## DESCRIPTION OF THE TASK
Look in the material below for the line holding "Embossed Logo Leather". Set it down exactly, with each later line up to and including the line holding "c7bd07a43f71 H1653 - Trista".

## LISTED ENTRIES
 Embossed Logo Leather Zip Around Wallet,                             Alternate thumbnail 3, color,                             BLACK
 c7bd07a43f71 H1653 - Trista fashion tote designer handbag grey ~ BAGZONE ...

* * *

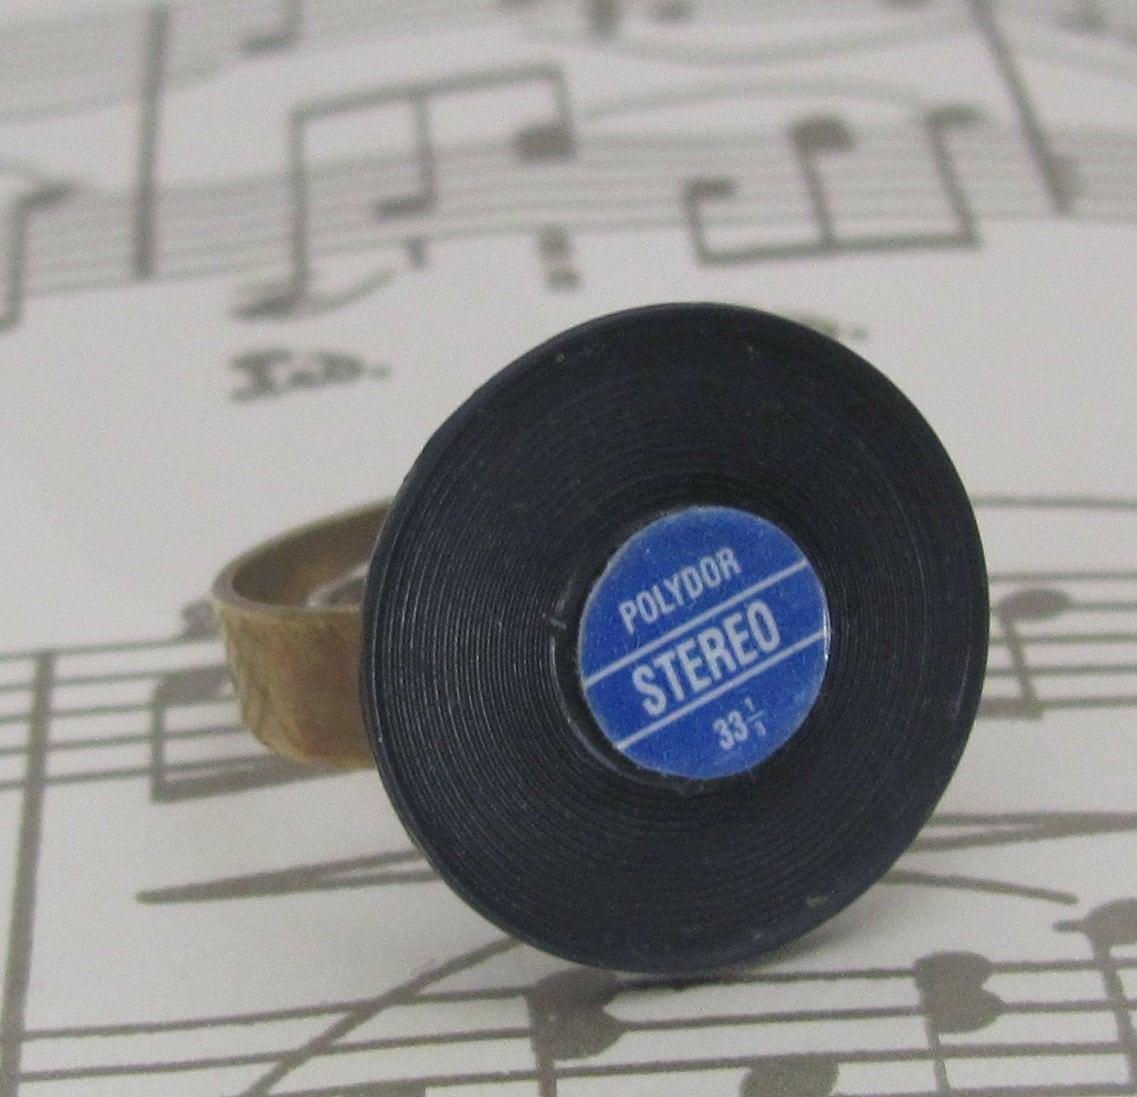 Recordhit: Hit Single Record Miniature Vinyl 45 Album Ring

## WRITTEN SOLUTION
 Embossed Logo Leather Zip Around Wallet,                             Alternate thumbnail 3, color,                             BLACK
 c7bd07a43f71 H1653 - Trista fashion tote designer handbag grey ~ BAGZONE ...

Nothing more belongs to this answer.